Aimee Mann's newest album, The Forgotten Arm, is a brilliantly written concept album that follows the journey of a boxer with a drug-problem, and his small-town girlfriend through the life of their relationship. The songs from this album were showcased last Saturday at The Pier. Mann, clad in faded blue jeans and a yellow tank top (success has never gone to her head), narrated the story at the beginning of her show with the first three songs. "So they pack up their troubles in an old Cadillac&so wake me up at the border, when we get to Mexico, I'll tell you a secret, I don't even know," she begins the sad story with.

Near the middle Mann played a small block of songs from her back catalog. "Wise Up" and "Driving Sideways" are quintessential Mann songs, filled with melancholy lyrics and simple, quiet arrangements to showcase them. "Prepare a list of what you need - Before you sign away the deed - Because it's not going to stop, 'till you wise up."

I had last seen Mann perform at the Zoo, and it was excellent to see her in a less "family-oriented" venue. Instead of children running around, the audience was very energetic, and standing to the sides of the seated area. Almost halfway through the show they gave in and walked en-masse to the front of the stage. I'm sure the people in the front row found this a little frustrating, but it brought the energy up ten-fold. In fact, even Mann looked surprised and pleased at the excitement to get closer to the stage. Much to her biggest fans surprise she performed her cover of the Harry Nilsson classic, "One," that night. It's very rare that she does this song anymore so it was a great treat for us to hear it.

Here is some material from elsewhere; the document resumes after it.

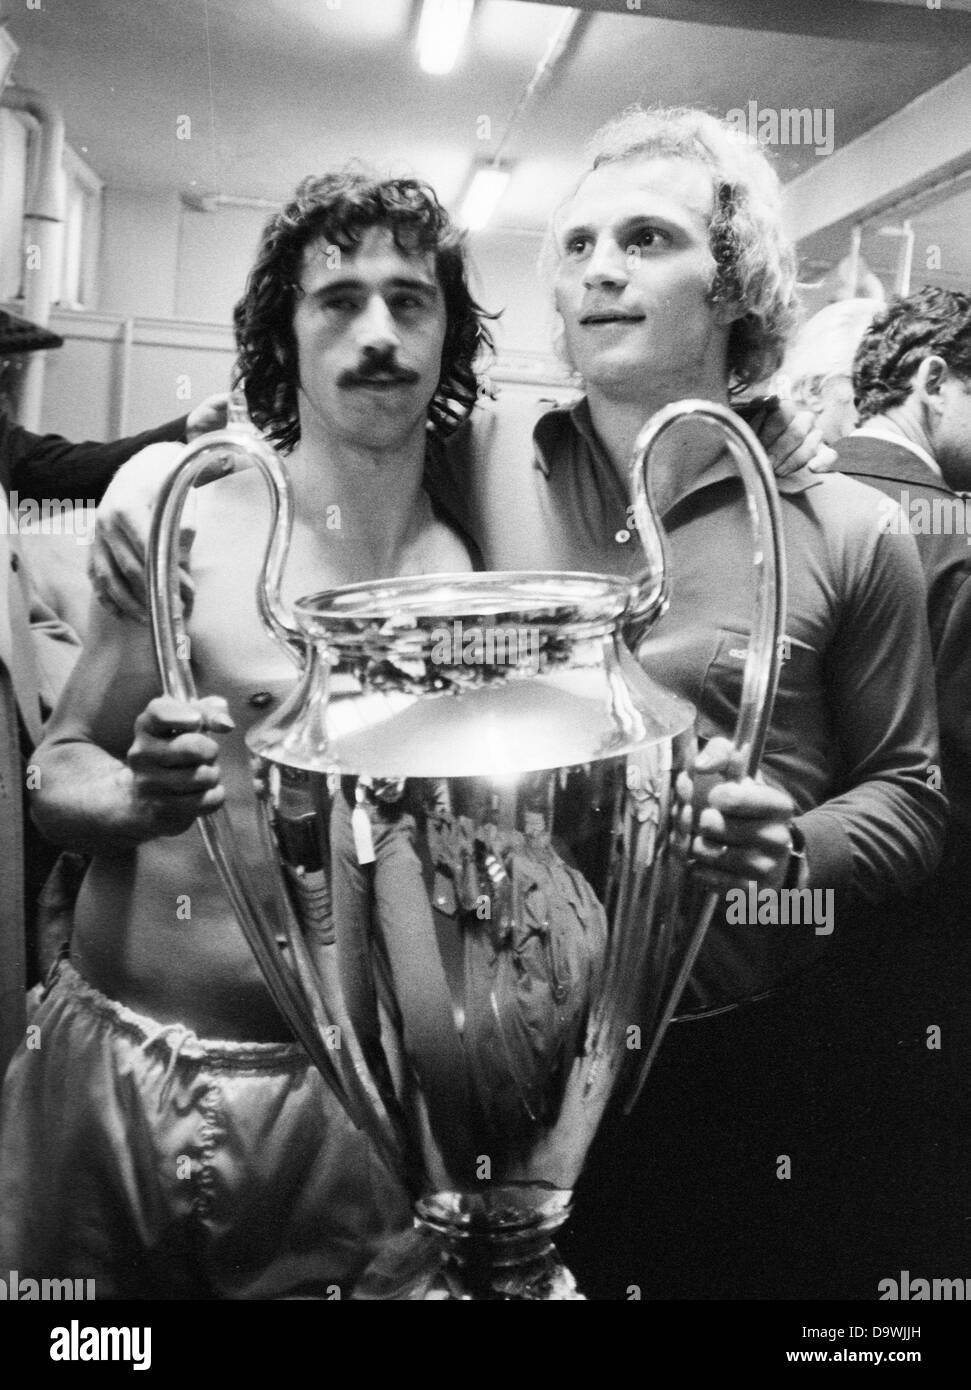 Uli Hoeneß, manager of FC Bayern Munich, will celebrate his 50th birthday on the 05th of January 2002. To be seen on the picture Uli Hoeneß (r) together with Gerd Müller in the year 1974. Stock Photo

Eventually Mann came back to the narrative she had begun the show with. By the end of the relationship the couple had split, realizing that what they got themselves into wasn't what they envisioned at the beginning of their love affair. "I Can't Help You Anymore" closed the show with Mann at the keyboards. Her lyrics offer what many of us have felt when our heart breaks, "Cause baby look what I've done, the ruins just go on and on, I've got to let it go now or it will drag me under."

As usual Mann offered up a generous amount of encore songs, even taking requests from her "more than willing to offer" audience. "Sugarcoated" from her mid-90's I'm With Stupid was of course in the mix with its guitar heavy chorus, "Now I have given you rope, you should be hanging for days, but you keep spinning it out." "Deathly" was, for me, the song I waited for. "Now that I've met you, Would you object to, Never seeing each other again? 'Cause I Can't afford to, Climb aboard you, No one's got that much ego to spend." Her lyrics can beautifully represent not only the sadness we feel in human relationships, but also the guilt that comes from self-sabotage, something that very few lyricists can do so eloquently. I still think most of her fans would agree with me that to see her in a more intimate club setting, or at the very least in a theatre would be preferable. She did offer up a great summer show though, bringing the sometimes-stuffy Pier crowd to its feet. The talent and lasting power that Mann has created for herself over the last 20 years in the music business cannot be denied. She will always be welcomed back to Seattle with open arms.